Despite stringent U.S. sanctions, Iran has seen a surge in oil revenues during the Biden administration, according to a new report by the Energy Information Administration (EIA).
The EIA’s report, mandated by Congress, found that Iran’s petroleum and petroleum product exports generated between $53 billion and $54 billion in revenue in 2022 and 2023, a significant increase from $37 billion in 2021 and $16 billion in 2020.
These figures represent a stark contrast to the $65 billion in nominal revenue earned by Iran in 2018, before the Trump administration implemented its “maximum pressure” campaign.
The report highlights China as a key export partner for Iran, enabling it to circumvent sanctions and continue profiting from its energy exports.
The Trump administration’s sanctions, targeting various Iranian industries and companies, were intended to cripple the country’s economy. The administration claimed that Iran had entered a “deep recession” and that oil exports had “plummeted” as a result of these measures.
In contrast, the Biden administration pursued a strategy of offering sanctions waivers to Iran, hoping to incentivize negotiations for a renewed nuclear deal. However, this approach proved unsuccessful.
Despite the lack of progress on the nuclear deal, the Biden administration continued to issue waivers, including those allowing Iraq to purchase Iranian oil, a practice initiated under the Trump administration.
Richard Goldberg, a former Trump National Security Council official, criticized the Biden administration’s sanctions policy, stating that it lacks “pressure” and that there is no “active campaign to stop these shipments.”
A Reuters report in 2023 indicated that China, the world’s largest oil importer, has shown an increasing appetite for Iranian crude oil, likely driven by its discounted prices due to sanctions.
The EIA report acknowledges the difficulty in accurately accounting for discounts in its data.
Iran’s 2023 oil exports, averaging 1.5 million barrels per day (bpd), mark the country’s highest export volume in over four years, with more than 80% directed to China, according to consultancies FGE and Vortexa.
Some critics argue that Iran’s revenue figures are not entirely accurate, as oil prices have fluctuated significantly in recent years, potentially skewing the data.
Goldberg, a senior advisor at the Foundation for Defense of Democracies, acknowledges the impact of fluctuating prices but points to the increase in Iranian revenue despite ongoing discounts as evidence of continued exports.
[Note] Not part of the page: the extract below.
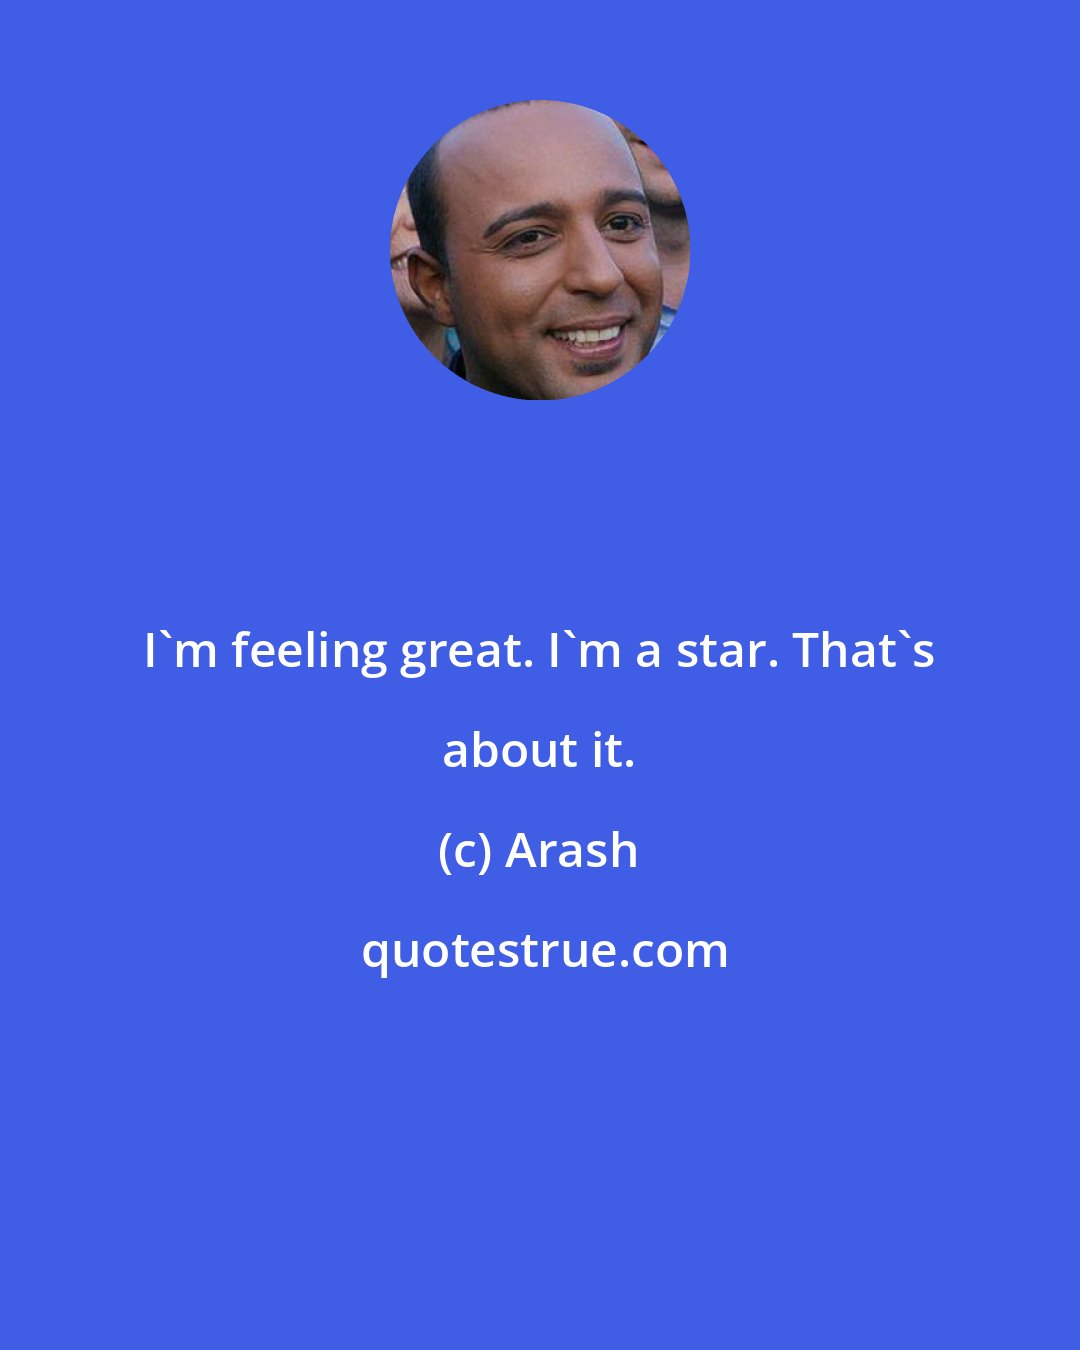 Arash: I'm feeling great. I'm a star. That's about it.
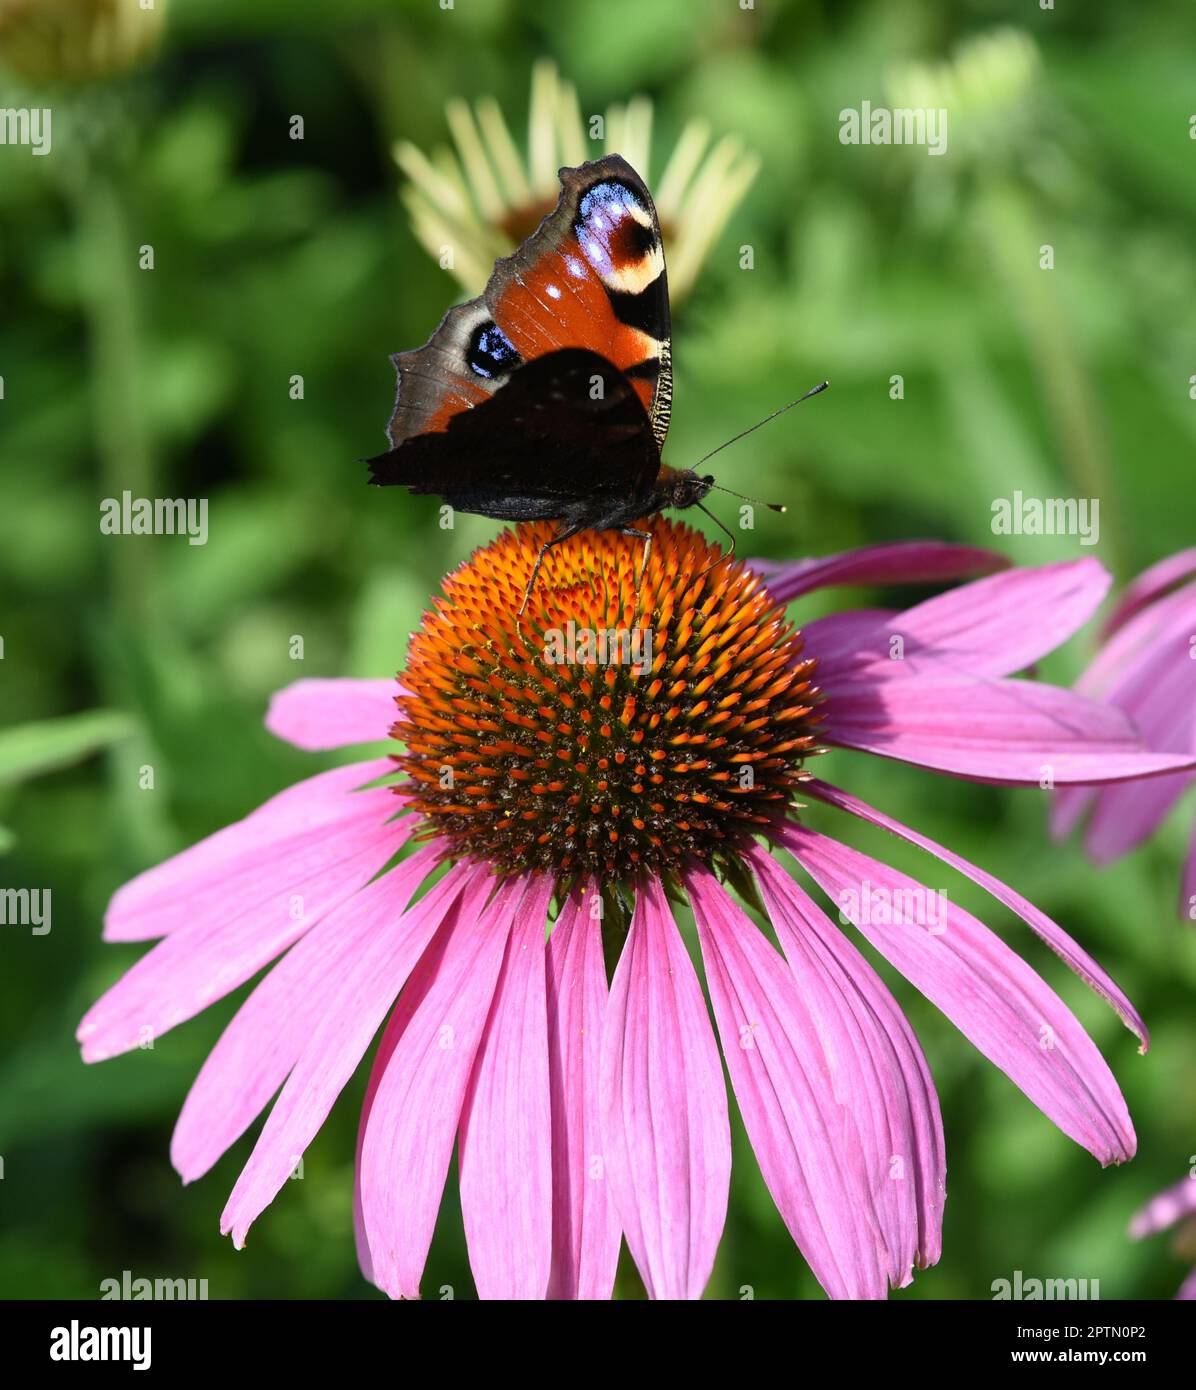 Schmetterlinge sind Insekten mit grossen Fluegeln. Butterflies are insects with large wings. Stock Photo

The EIA, relying on data from the National Iranian Oil Company (NIOC) and other third-party sources, recognizes the challenges of data availability and transparency and notes that its report uses only sources and data it has “reasonably high confidence” in.
The EIA clarifies that its data is based on estimates rather than actual data, and that these estimates are subject to change with the availability of new information.
The report categorizes exports to Southeast Asian countries, specifically Malaysia, Singapore, and Vietnam, as misdirections intended to circumvent U.S. sanctions on Chinese imports.
On Friday, the State Department, along with the Treasury Department, imposed new sanctions on Iran’s energy sector in response to recent attacks on Israel.
The statement accompanying the sanctions emphasizes their aim to intensify financial pressure on Iran, limiting its ability to generate revenue from the energy sector and undermine regional stability.
Jake Sullivan, the national security advisor, stated that the new sanctions include measures targeting entities involved in the transportation of Iranian oil to global buyers.
A request for comment from the Vice President Kamala Harris’ spokesperson and the State Department went unanswered.
Reuters contributed to this report.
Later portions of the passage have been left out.